[Opening Data for processing section]

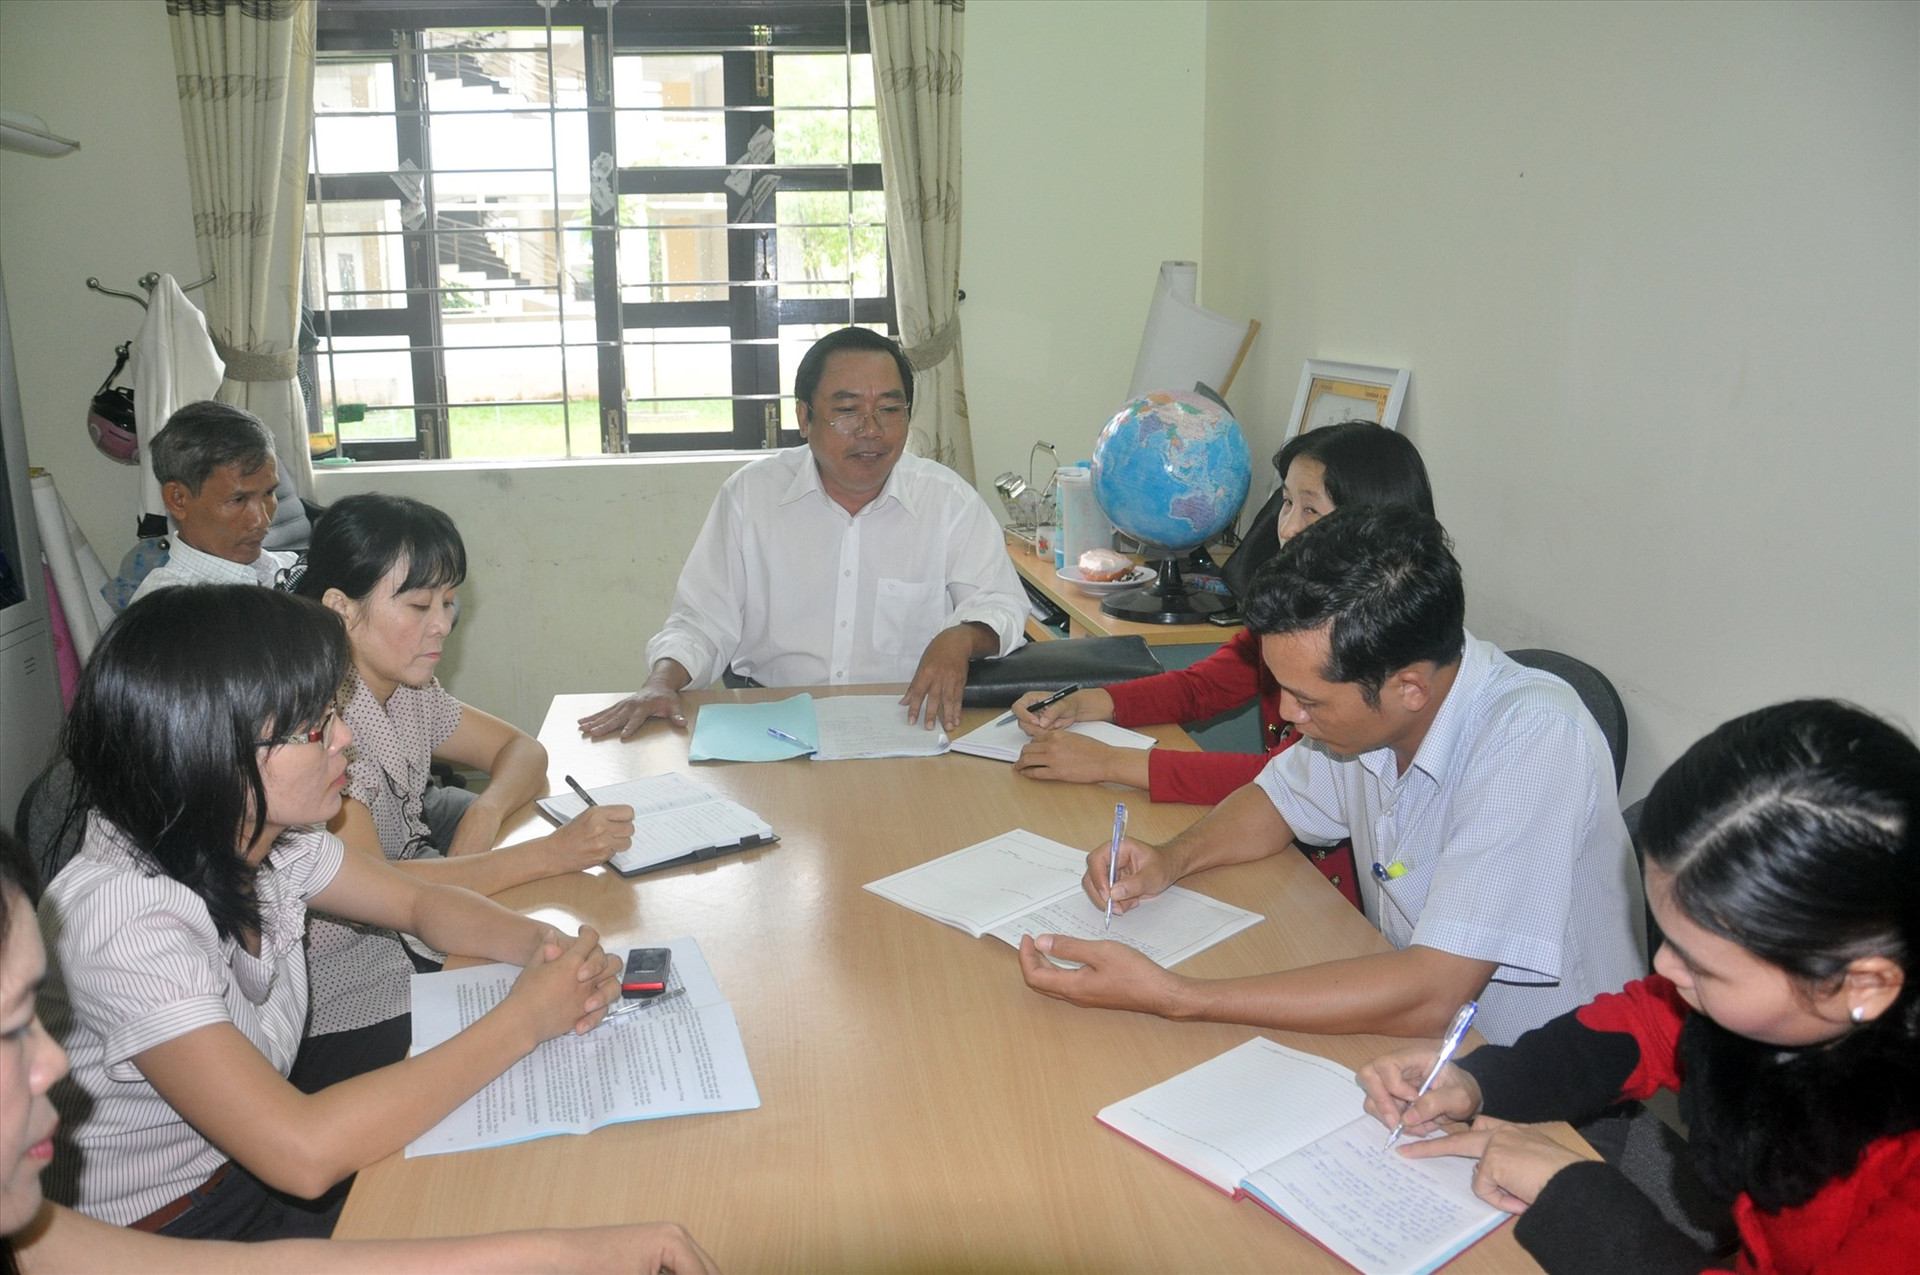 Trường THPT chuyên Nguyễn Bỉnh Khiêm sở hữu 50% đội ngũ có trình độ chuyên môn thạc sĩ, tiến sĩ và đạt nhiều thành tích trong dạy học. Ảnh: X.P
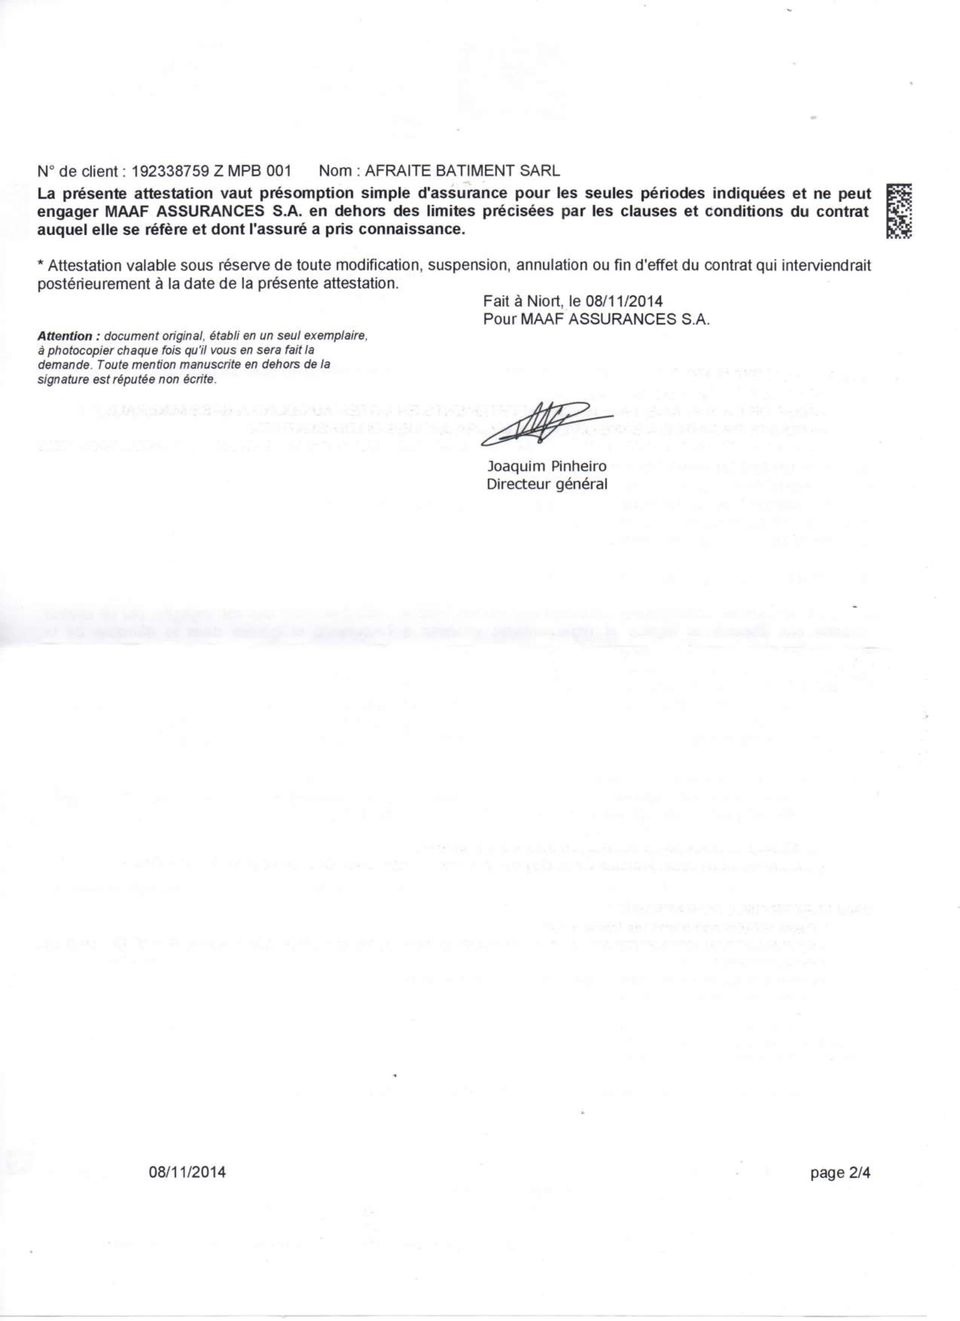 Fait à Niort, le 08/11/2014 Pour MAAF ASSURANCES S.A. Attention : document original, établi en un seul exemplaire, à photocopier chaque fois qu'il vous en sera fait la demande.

[Closing Data for processing section]
[Opening Data for processing section]

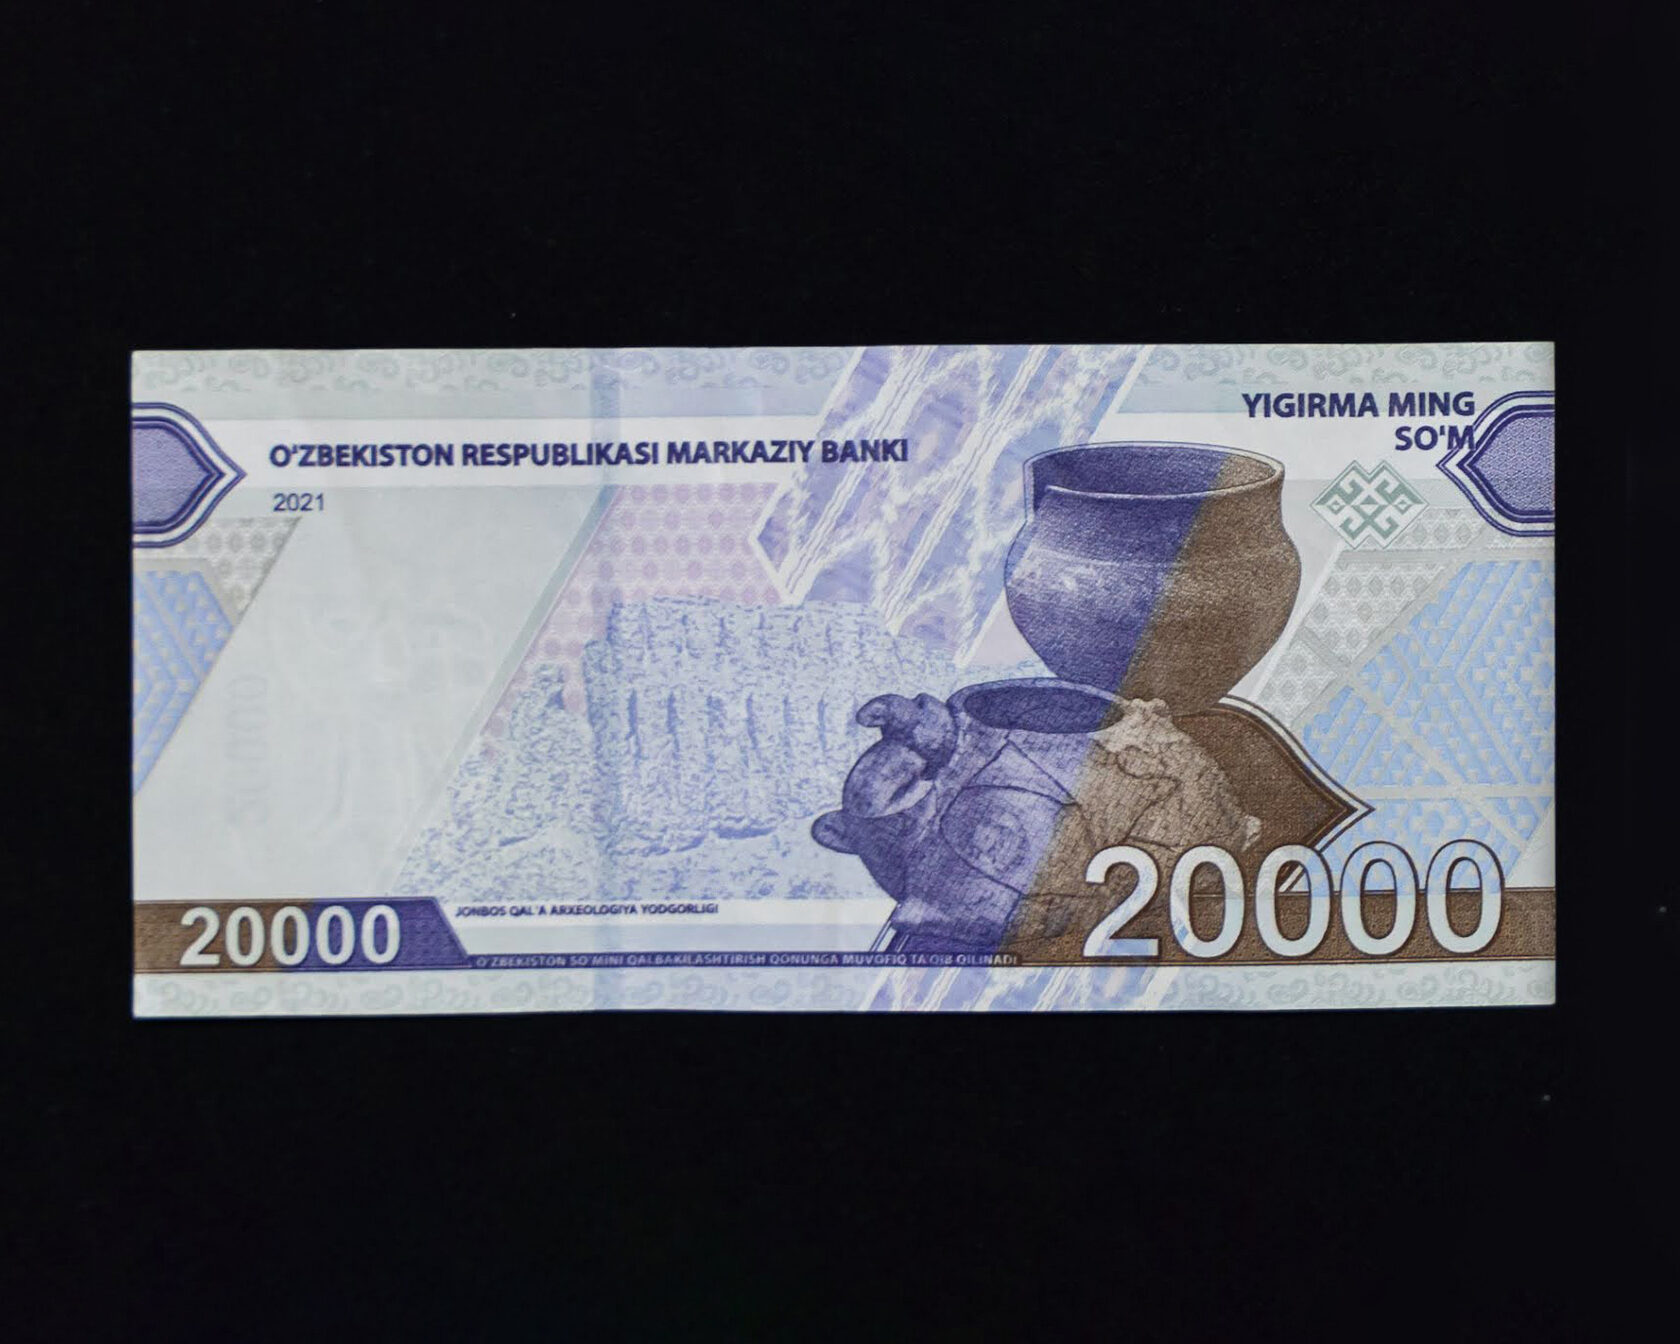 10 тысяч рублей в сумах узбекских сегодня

[Closing Data for processing section]
[Opening Data for processing section]

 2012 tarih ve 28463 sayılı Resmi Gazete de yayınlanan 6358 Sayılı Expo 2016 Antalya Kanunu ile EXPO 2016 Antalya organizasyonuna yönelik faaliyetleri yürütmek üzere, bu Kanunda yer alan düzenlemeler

[Closing Data for processing section]

Directions for this task:
In the data above, find the line containing "Trường THPT chuyên" and the line containing "Fait à Niort, le". Repeat those two lines and everything between them exactly, minus the pictures.

Exercise response:
 Trường THPT chuyên Nguyễn Bỉnh Khiêm sở hữu 50% đội ngũ có trình độ chuyên môn thạc sĩ, tiến sĩ và đạt nhiều thành tích trong dạy học. Ảnh: X.P
 Fait à Niort, le 08/11/2014 Pour MAAF ASSURANCES S.A. Attention : document original, établi en un seul exemplaire, à photocopier chaque fois qu'il vous en sera fait la demande.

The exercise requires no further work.